Selon diverses expertises, l’adolescente, qui avait subi une IVG quelques mois plus tôt, entamait très probablement une nouvelle grossesse. D’après l’enquête, elle attribuait la paternité à l’accusé, avec qui elle entretenait une liaison.
Deux appels anonymes, puis un témoignage clé, orientent rapidement l’enquête vers le jeune homme.
Un de ses amis raconte qu’il est venu le voir la nuit des faits, et lui a confié avoir donné rendez-vous à Shaïna pour la tuer.
Il l’aurait poignardée une quinzaine de fois, et aurait été blessé par un retour de flamme. Ce témoin livre des détails connus des seuls enquêteurs.
Shaïna refusait d’avorter, révèle-t-il encore.

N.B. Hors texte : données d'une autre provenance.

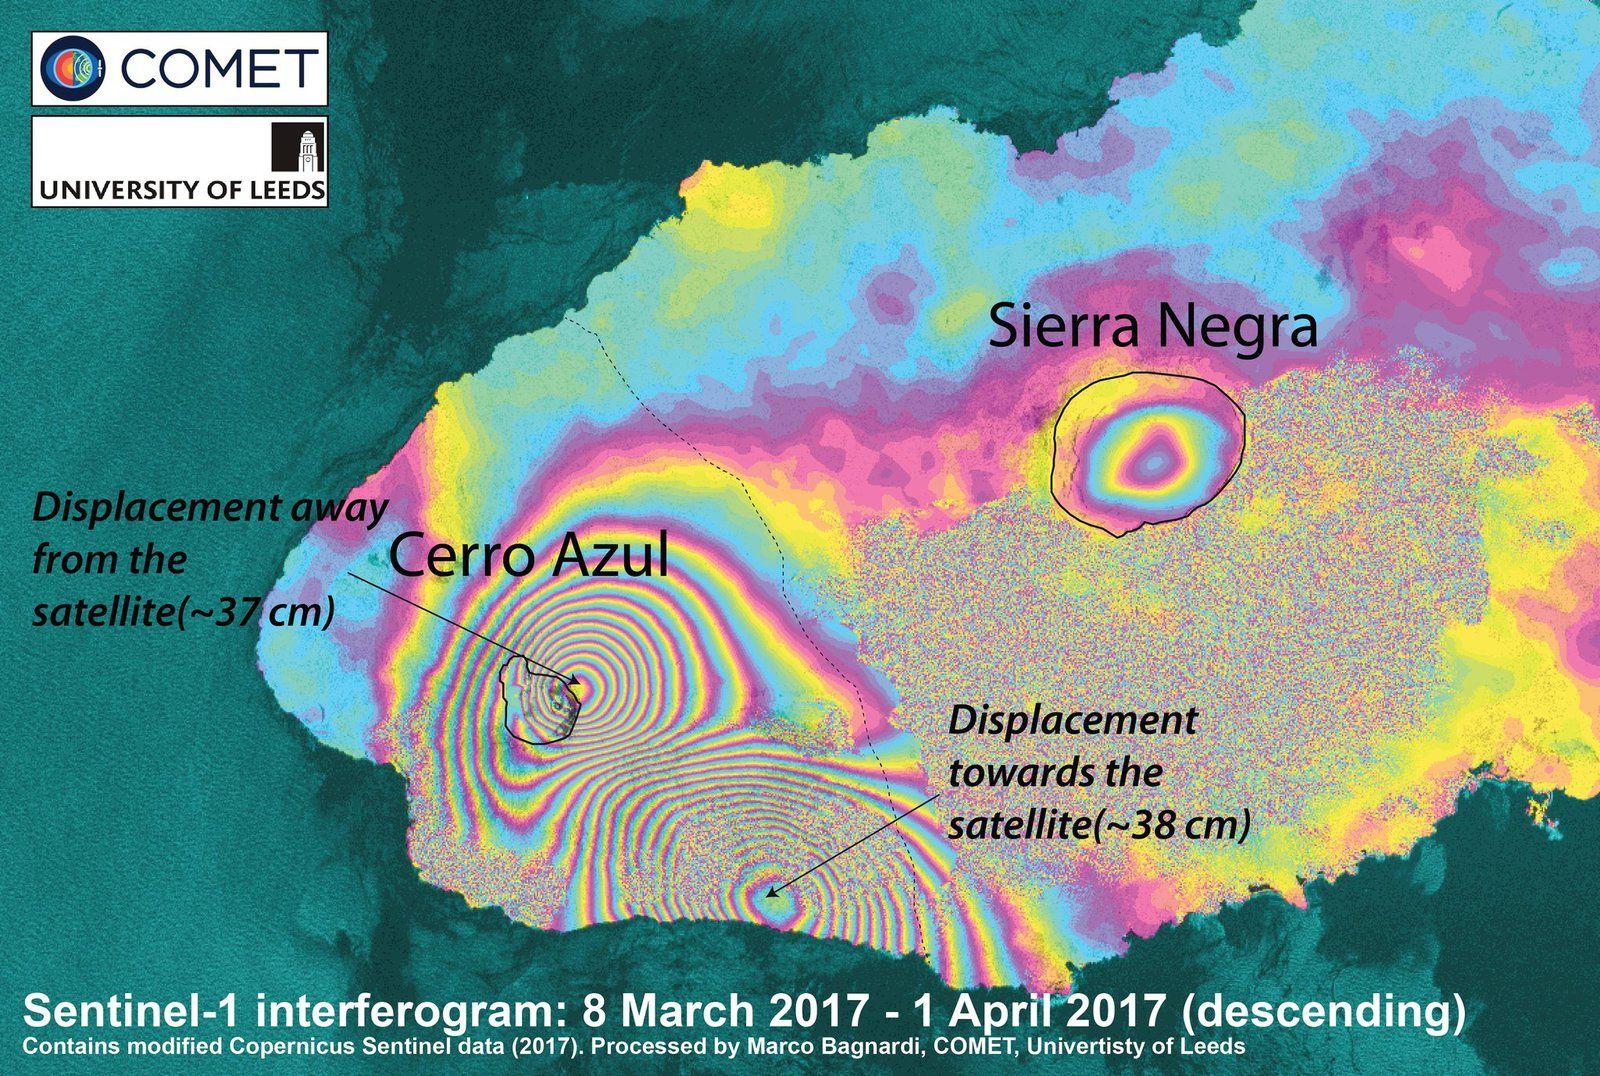 Cerro Azul / isabela island - radar interferogram between 8 March and 1 April 2017 - Doc Sentinel-1 / Comet / modified by Marco Bagnardi, University of Leeds.

D’autres éléments incriminent le jeune homme: si son téléphone a disparu, il multiplie les SMS à Shaïna ce jour-là. A l’approche du crime, tous deux activent la même borne, à 500 m du cabanon. Et l’appareil de l’accusé est éteint entre 21H36 et 22H13, heure approximative des faits.
– Traitée « comme une chose » –
Il expliquera ses brûlures par un « frottement » puis un « eczéma », et varie ses déclarations sur son emploi du temps. Il reconnaît quelques relations sexuelles avec Shaïna à partir d’août, mais assure avoir rompu.
Un codétenu l’aurait entendu « dire fièrement » qu’il avait « tué sa copine, qui était +une pute+, qu’il avait +mise enceinte+ », voulant éviter que sa famille l’apprenne. En prison, il disait « préférer prendre 30 ans qu’être le père d’un bâtard », selon un autre détenu.
Le crime pourrait être « une tentative désespérée » de préserver son image, dans un contexte « d’interdit culturel et religieux » lié à la sexualité, a estimé un expert psychologue.
Deux ans plus tôt, Shaïna avait été victime d’agressions sexuelles, pour lesquelles quatre autres jeunes de sa cité ont été condamnés jeudi en appel à des peines allant de six mois à deux ans de prison avec sursis.
Pour Me Haeri, sa mort « est le point culminant d’un long calvaire », enclenché par cette première affaire. Violentée dans une clinique désaffectée où son petit ami d’alors l’avait entraînée, Shaïna avait été filmée par ses agresseurs.
Des images diffusées sur Snapchat l’avaient exposée, selon l’avocate, à un « dénigrement grandissant ». Shaïna a été traitée « comme une chose, avec qui on couche, mais qu’on peut supprimer », déplore-t-elle.
Le nombre de féminicides a augmenté de 20% en France en 2021 par rapport à l’année précédente, avec 122 femmes tuées par leur conjoint ou ex-conjoint, selon le ministère de l’Intérieur.